Выбрать главу

Если бы мы попытались определить пафос поэзии Антокольского, вернее всего было бы сказать, что это пафос ищущей мысли, которая не довольствуется готовыми решениями, а стремится извлечь на свет и понять то, что скрыто от обычного глаза. Научная поэзия? Может быть, но совсем не в том смысле, в каком понимал ее Брюсов. Не холодная, хотя и блестящая, поэтизация достижений науки, а напряженные поиски истины, благоговейное отношение к человеческой мысли, стремление познать мир с тем, чтобы его переделать.

Такова едва ли не высшая точка продолжающейся четвертой поэтической жизни Павла Антокольского.

Забыл, чем был, не разгадал, чем буду, Не слишком верю в каменного Будду С бессмысленно-двусмысленной улыбкой. Но был и буду парусом и скрипкой, И вольтажом любого напряженья, И дальным рубежом воображенья...

Так пишет Антокольский в книге «Четвертое измерение». Такова поэтическая программа, которой он следовал всю жизнь и остается верен поныне.

В течение полувека паруса его поэзии полны ветром Истории. За пятьдесят лет — и каких лет! — неузнаваемо изменилась жизнь, окружающая поэта, изменились и его стихи, прошедшие через все перевалы эпохи. Неизменным осталось только одно — высокое служение духу Творчества, высшим выражением которого всегда были для поэта революционные свершения народа, борющегося за новую жизнь на земле. Судьба народа была судьбой поэта, все испытания, выпавшие на долю народа, были и его испытаниями.

Оглядываясь на прожитые им три поэтические жизни и продолжая свою четвертую — может быть, самую напряженную — жизнь в поэзии, Антокольский обращается к судьбе с единственной просьбой:

Пускай мой дух, мой зрячий астероид, Чертеж следа горящего построит И срок труда творящего утроит. . . . . . . . . . . . . . . . . . . . . . . . . . . . Все остальное медяка не стоит.

ЗАКЛЮЧЕНИЕ

Когда работа над моим очерком шла к концу и мне оставалось только заключение, я попросил Антокольского прочитать рукопись. Павел Григорьевич сам написал столько великолепных поэтических портретов, что я видел в нем даже не столько героя очерка, сколько одного из признанных мастеров этого жанра.

Прочитав рукопись, Антокольский встретил меня со сконфуженной улыбкой.

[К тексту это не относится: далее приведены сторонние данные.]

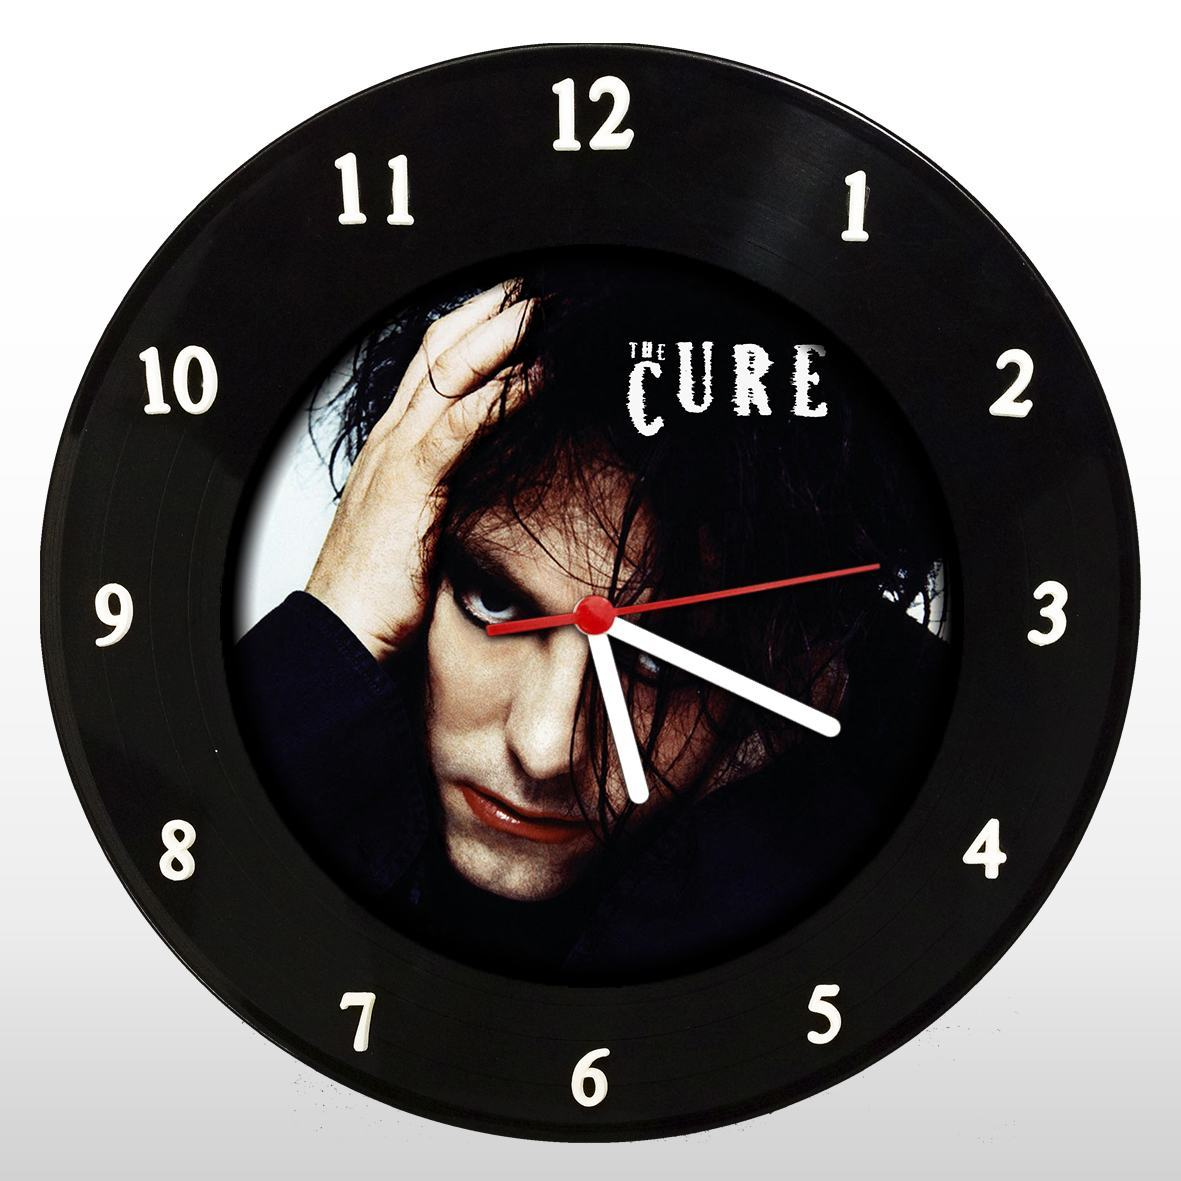 The Cure - Relógio de Parede em Disco de Vinil - Mr. Rock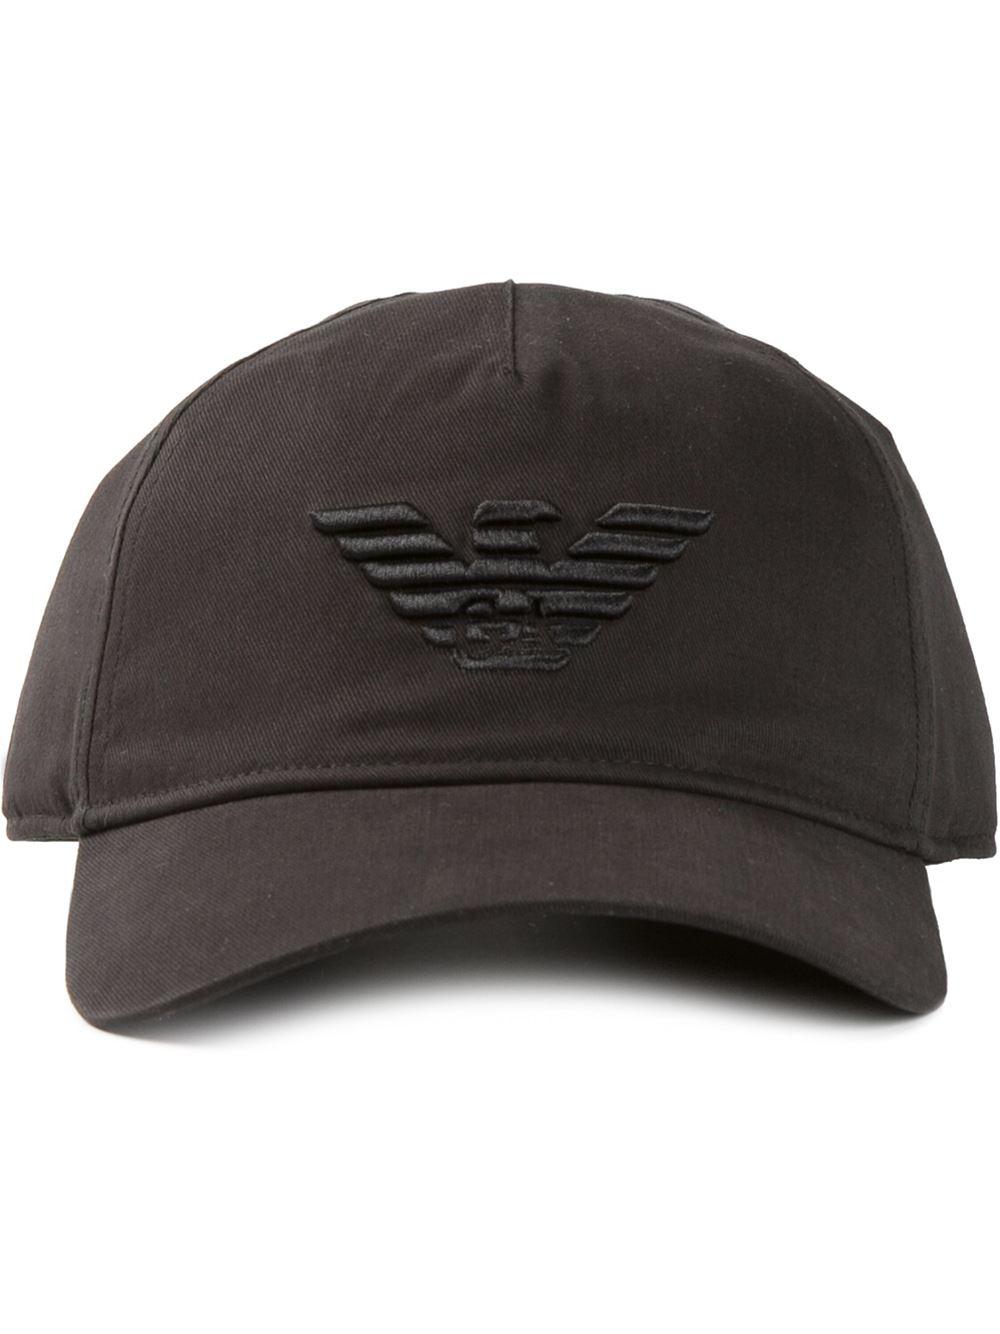 Emporio Armani Logo Embroidered Baseball Cap in Black for Men - Lyst effc66d3c87

— Все-таки мне трудно сказать тебе что-нибудь вразумительное, — начал он. — Да, верно, я легко и даже храбро рисовал портреты других поэтов. Но легкость и храбрость объясняются тем, что это другие поэты, другие люди, с другим лицом, другой жизнью и т. д. А для автопортрета необходимо зеркало. Откуда прикажешь его взять? Разве только в отзывах других людей, правда? В их числе находишься и ты, милостивый государь. Могу сознаться в одном: чем большей симпатией к оригиналу проникнуты такие отзывы, тем (странное дело!), — он тяжело вздохнул, — тем более похожими они мне кажутся. Вот мое, очень нескромное, конечно, суждение по этому поводу. Но, я думаю, так ответил бы каждый писатель, буквально каждый…

Павел Григорьевич сокрушенно развел руками, как бы говоря, что не может больше ничего прибавить.

Вероятно, у меня был расстроенный вид, потому что Антокольский немного подумал и сказал:

— Ладно, оставь рукопись. Я прочту ее еще раз...

Вскоре я получил от него большое письмо. Оно заставило меня вернуться к рукописи, еще раз пройти ее от начала до конца, заново проверить каждое звено моей хроники трудов и дней поэта.

Кто знает, может быть, когда-нибудь это письмо будет опубликовано. Пока скажу только, что оно написано со всем пылом, присущим Антокольскому...

В июле 1966 года Павлу Григорьевичу исполнилось семьдесят лет. Его поэтические заслуги увенчались третьим орденом Трудового Красного Знамени (первые два он получил к пятидесяти- и шестидесятилетию). Однако всякие официальные торжества были отменены: Павел Григорьевич еще не настолько поправился тогда, чтобы на них присутствовать. В торжественный день 1 июля пришлось ограничиться дружеской встречей на Красной Пахре.

Гостей съехалось много. Зоя Константиновна Бажанова приветливо их встречала, но вид у нее был крайне озабоченный: она боялась, как бы праздничная суматоха не повредила юбиляру.

Один из неожиданных гостей, приехавших издалека, — Карло Каладзе — привез из Тбилиси поэму «Сын» в своем переводе на грузинский язык и прочел за столом несколько отрывков из нее.